ACHE includes a tool called SeedFinder, which helps to discover more pages and web sites that contain relevant content. After you have your target page classifier ready, you can use SeedFinder to automatically discover a large set of seed URLs to start a crawl. You can feed SeedFinder with your page classifier and a initial search engine query, and SeedFinder will go ahead and automatically generate more queries that will potentially retrieve more relevant pages and issues them to a search engine until the max number of queries parameter is reached.

SeedFinder is available as an ACHE sub-command. For more instructions, you can run ache help seedFinder:

        ache seedFinder - Runs the SeedFinder tool

        ache seedFinder [--csvPath <csvPath>] [(-h | --help)]
                --initialQuery <initialQuery> [--maxPages <maxPagesPerQuery>]
                [--maxQueries <maxNumberOfQueries>] [--minPrecision <minPrecision>]
                --modelPath <modelPath> [--searchEngine <searchEngine>]
                [--seedsPath <seedsPath>]

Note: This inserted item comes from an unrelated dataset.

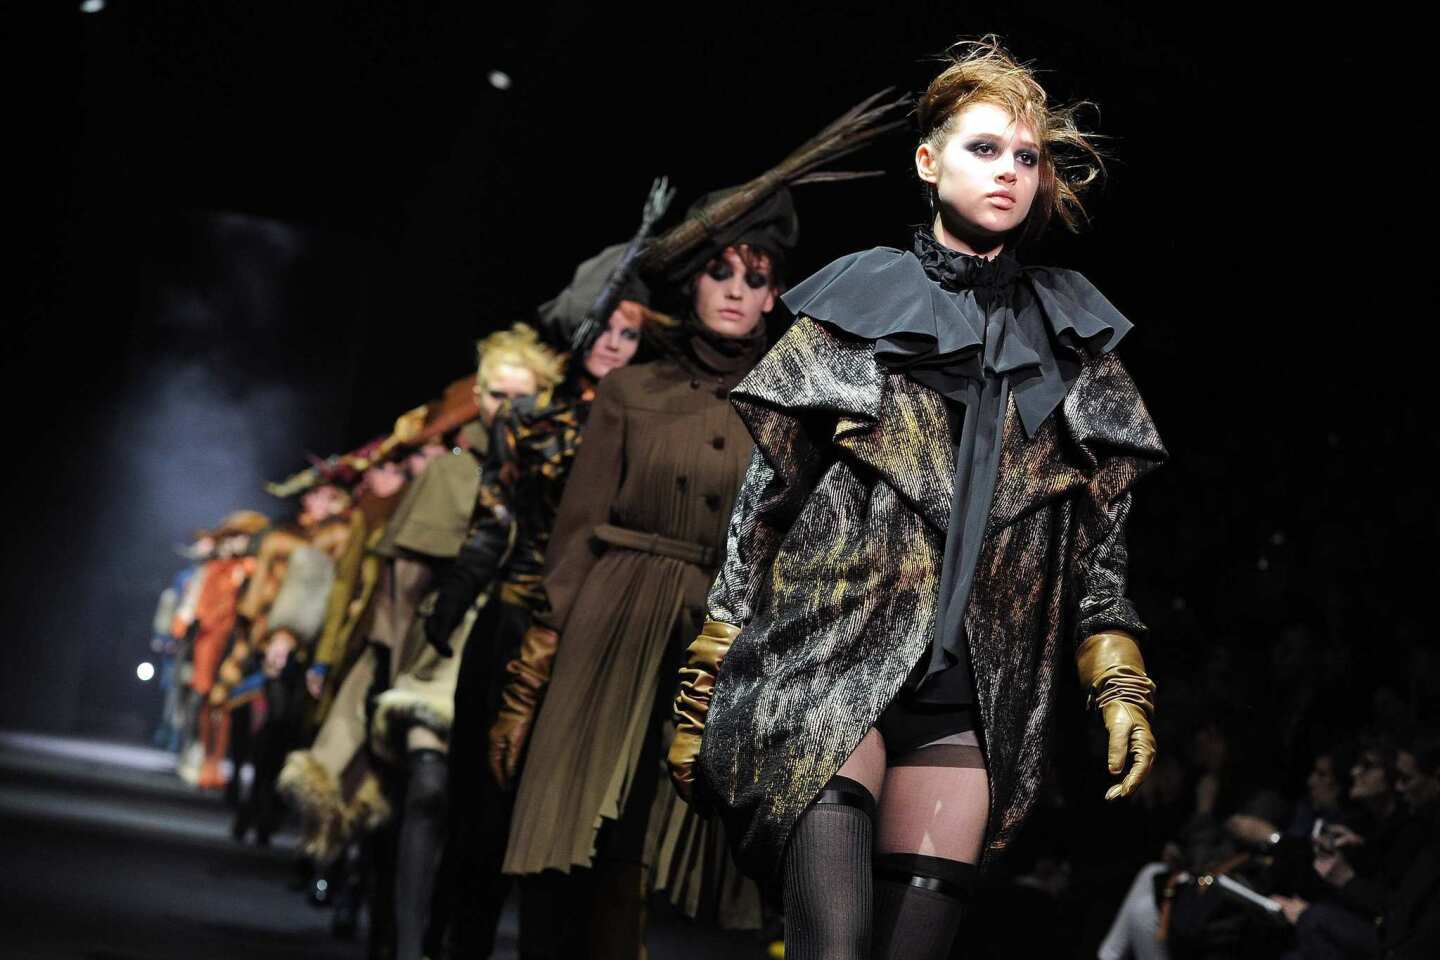 John Galliano: Runway - Paris Fashion Week Womenswear Fall/Winter 2012

        --csvPath <csvPath>
            The path where to write a CSV file with stats

        -h, --help
            Display help information

        --initialQuery <initialQuery>
            The inital query to issue to the search engine

        --maxPages <maxPagesPerQuery>
            Maximum number of pages per query

        --maxQueries <maxNumberOfQueries>
            Max number of generated queries

        --minPrecision <minPrecision>
            Stops query pagination after precision drops bellow this minimum
            precision threshold

        --modelPath <modelPath>
            The path to the page classifier model

        --searchEngine <searchEngine>
            The search engine to be used

        --seedsPath <seedsPath>
            The path where the seeds generated should be saved

For more details on how SeedFinder works, you can refer to:

Karane Vieira, Luciano Barbosa, Altigran Soares da Silva, Juliana Freire, Edleno Moura. Finding seeds to bootstrap focused crawlers. World Wide Web. 2016.